Developing NER models with Amazon SageMaker Ground Truth and Amazon Comprehend

Named entity recognition (NER) involves sifting through text data to locate noun phrases called named entities and categorizing each with a label, such as person, organization, or brand. For example, in the statement “I recently subscribed to Amazon Prime,” Amazon Prime is the named entity and can be categorized as a brand. Building an accurate in-house custom entity recognizer can be a complex process, and requires preparing large sets of manually annotated training documents and selecting the right algorithms and parameters for model training.

This post explores an end-to-end pipeline to build a custom NER model using Amazon SageMaker Ground Truth and Amazon Comprehend.

Amazon SageMaker Ground Truth enables you to efficiently and accurately label the datasets required to train machine learning systems. Ground Truth provides built-in labeling workflows that take human labelers step-by-step through tasks and provide tools to efficiently and accurately build the annotated NER datasets required to train machine learning (ML) systems.

Amazon Comprehend is a natural language processing (NLP) service that uses machine learning to find insights and relationships in text. Amazon Comprehend processes any text file in UTF-8 format. It develops insights by recognizing the entities, key phrases, language, sentiments, and other common elements in a document. To use this custom entity recognition service, you need to provide a dataset for model training purposes, with either a set of annotated documents or a list of entities and their type label (such as PERSON) and a set of documents containing those entities. The service automatically tests for the best and most accurate combination of algorithms and parameters to use for model training.

The following diagram illustrates the solution architecture.

The end-to-end process is as follows:

Upload a set of text files to Amazon Simple Storage Service (Amazon S3).
Create a private work team and a NER labeling job in Ground Truth.
The private work team labels all the text documents.
On completion, Ground Truth creates an augmented manifest named manifest in Amazon S3.
Parse the augmented output manifest file and create the annotations and documents file in CSV format, which is acceptable by Amazon Comprehend. We mainly focus on a pipeline that automatically converts the augmented output manifest file, and this pipeline can be one-click deployed using an AWS CloudFormation In addition, we also show how to use the convertGroundtruthToComprehendERFormat.sh script from the Amazon Comprehend GitHub repo to parse the augmented output manifest file and create the annotations and documents file in CSV format. Although you need only one method for the conversion, we highly encourage you to explore both options.
On the Amazon Comprehend console, launch a custom NER training job, using the dataset generated by the AWS Lambda

To minimize the time spent on manual annotations while following this post, we recommend using the small accompanying corpus example. Although this doesn’t necessarily lead to performant models, you can quickly experience the whole end-to-end process, after which you can further experiment with larger corpus or even replace the Lambda function with another AWS service.

Setting up

You need to install the AWS Command Line Interface (AWS CLI) on your computer. For instructions, see Installing the AWS CLI.
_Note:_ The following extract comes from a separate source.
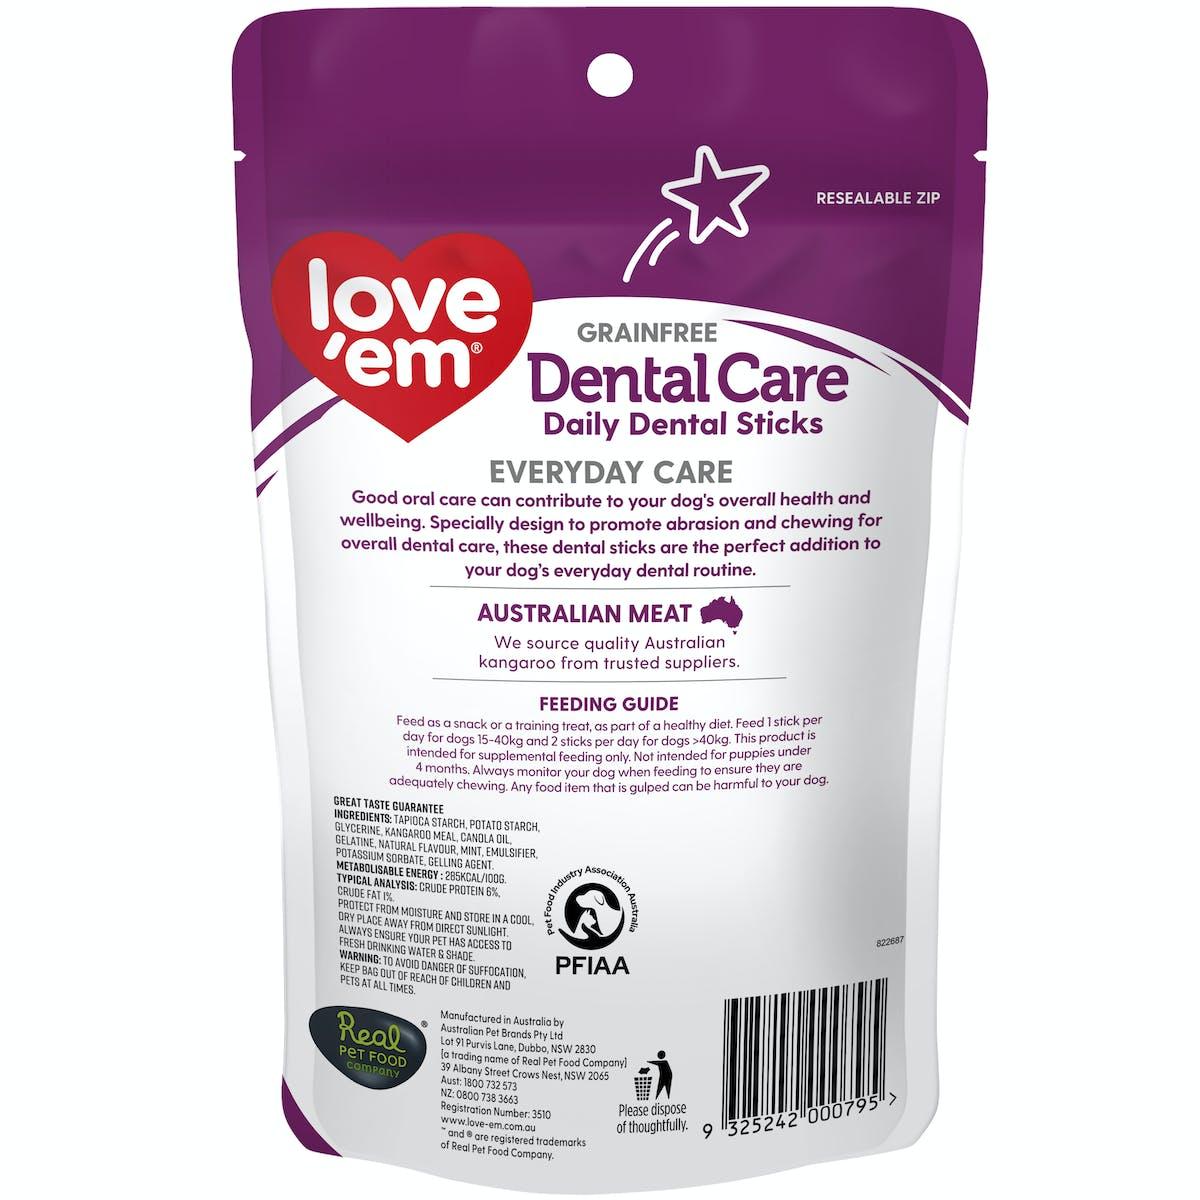 Love'em | Dental Care Daily Dental Sticks Medium - Large | Dog treats | Front of pack

You create a CloudFormation stack that creates an S3 bucket and the conversion pipeline. Although the pipeline allows automatic conversions, you can also use the conversion script directly and the setup instructions described later in this post.

Setting up the conversion pipeline

This post provides a CloudFormation template that performs much of the initial setup work for you:

Creates a new S3 bucket
Creates a Lambda function with Python 3.8 runtime and a Lambda layer for additional dependencies
Configures the S3 bucket to auto-trigger the Lambda function on arrivals of output.manifest files

The pipeline source codes are hosted in the GitHub repo. To deploy from the template, in another browser window or tab, sign in to your AWS account in us-east-1.

Launch the following stack:

Complete the following steps:

For Amazon S3 URL, enter the URL for the template.
Choose Next.
For Stack name, enter a name for your stack.
For S3 Bucket Name, enter a name for your new bucket.
Leave the remaining parameters at their default.
Choose Next.
On the Configure stack options page, choose Next.
Review your stack details.
Select the three check-boxes acknowledging that AWS CloudFormation might create additional resources and capabilities.
Choose Create stack.

CloudFormation is now creating your stack. When it completes, you should see something like the following screenshot.

Setting up the conversion script

To set up the conversion script on your computer, complete the following steps:

Download and install Git on your computer.
Decide where you want to store the repository on your local machine. We recommend making a dedicated folder so you can easily navigate to it using the command prompt later.
In your browser, navigate to the Amazon Comprehend GitHub repo.
Under Contributors, choose Clone or download.
Under Clone with HTTPS, choose the clipboard icon to copy the repo URL.

To clone the repository using an SSH key, including a certificate issued by your organization’s SSH certificate authority, choose Use SSH and choose the clipboard icon to copy the repo URL to your clipboard.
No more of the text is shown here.